Sorry to Disrupt the Peace

I didn’t understand his impulse to investigate his biological mother, because I wanted nothing to do with my own biological mother, the stupid whore! The whore fucked and made a baby, I thought, and then the whore gave the baby away. If you’re going to fuck, keep the baby, I thought, keep it or abort it. It was that simple. I was not pro-life, I was ambivalent about life; I did not believe that its sanctity was a given, I did not believe life was itself a special privilege. Perhaps my world became too small to contain his complaints and disgust. I had my own complaints and disgust. He wasn’t that isolated, I told myself. If he got desperate, he had our adoptive parents to talk to. Now, since I’ve been at the house and around my adoptive parents, I can see all the gaping flaws of that logic. It’s like a piece of Swiss cheese. Fuck. Was there blood on my hands? I wondered. No, I had wiped my hands clean. I had even sanitized them.

If I did nothing for him, at least that’s neutral, at least a zero doesn’t cause anyone any harm. I had been so lost in my thoughts, I failed to notice a middle-aged man on his front doorstep, glaring at me.

What business do you have here? he shouted. Young man! Answer me now!

He must have been shouting because he was deaf.

I took off my hood. I’m not a man, I said loudly.

What’s your name, then?

Helen.

This is a private neighborhood.

I’m sorry to disrupt the peace.

The man didn’t say anything and returned to his estate. I’m sorry to disrupt the peace was my stock apology; I used it all the time at my workplace, it was a good apology because it could mean so many different things to people. It could mean, I’m sorry, I made a mistake. It could mean, I’m sorry, I’ll ruin you, bitch. On the way home, I stopped at the ice cream parlor. The parlor inside was empty and the cloying smell of sugar and milk overwhelmed me. A woman in a red apron came out from a door behind the counter. I ordered a scoop of vanilla ice cream in a cup. Because my adoptive brother was an occasional customer, I asked the woman if she knew him. I described him, what he looked like, etc. She told me she didn’t serve many Asians.

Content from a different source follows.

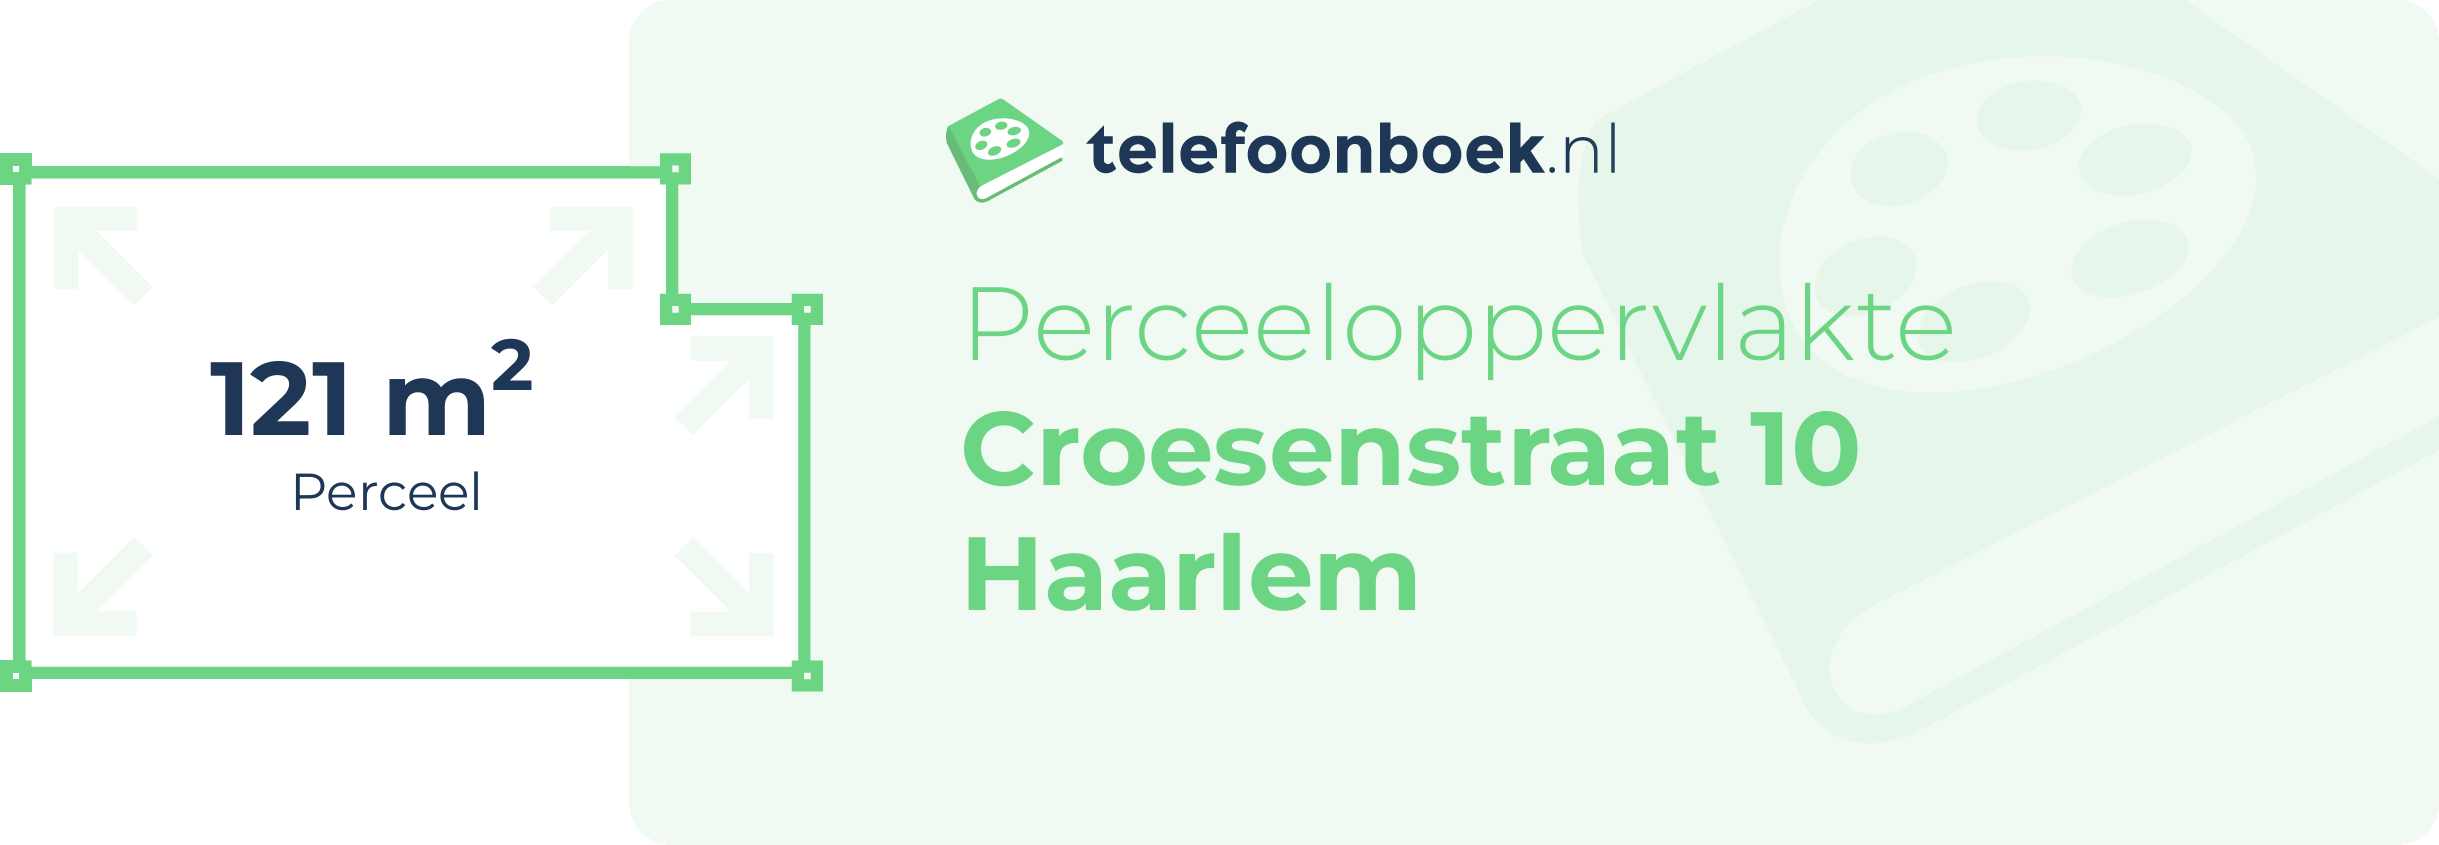 Perceeloppervlakte Croesenstraat 10 Haarlem

You’re the first one in a while, she said.

When I got home, I was so exhausted I drifted past my adoptive parents in the second living room. They were listening to a Beach Boys record, holding each other on the wicker-basket couch. Why wouldn’t anyone admit that a life is not a life but a deathward existence?7 I went up to my childhood bedroom, where I took three tablets of sleeping pills plus one of my roommate Julie’s Xanax, and fell into a deep, untroubled sleep.





20


The second day of my investigation I woke up to the sound of the garage door opening and closing. I woke up in an extreme state of anxiety over the things I had to do. Already so much had happened, I learned things, I received information from Thomas, a bounteous source of clues. Put the knowledge to use, I said. Organize yourself! I dressed myself in plain, gray clothes like a warden’s, and went downstairs where there were two notes on the kitchen table.

The first one was in my adoptive mother’s handwriting: Helen, we both are in meetings this morning. What happened to Pam’s cake? It was meant for the lunch reception after the funeral. It looks like you ate all of it. It’s 65 degrees out and unseasonably warm.

The second was from my adoptive father:

PAM USED HER SPECIAL RECIPE.

THAT CAKE WAS FOR AFTER THE

FUNERAL, NOT FOR YOU.

I crumpled up the notes; of course that cake had a special purpose! It would be a good time to bake the pie as a response, but I was not a pie baker. I never was. I did not please people, I did not please myself. I noticed a box of pizza had been left out on the counter. Because it was so large and awkward, I took it out to the garbage cans in the driveway. Despite their obsession with organization and tidiness, my adoptive parents never properly stored their garbage cans and recycling bins. They always left them outside and sometimes at night the animals from the woods got into them and they tore apart the food packaging and left it strewn across the driveway. This morning I noticed there were two egg containers, a can of whipped cream, and an empty box of Trojan condoms, which I was sure did not belong to anyone in my adoptive family.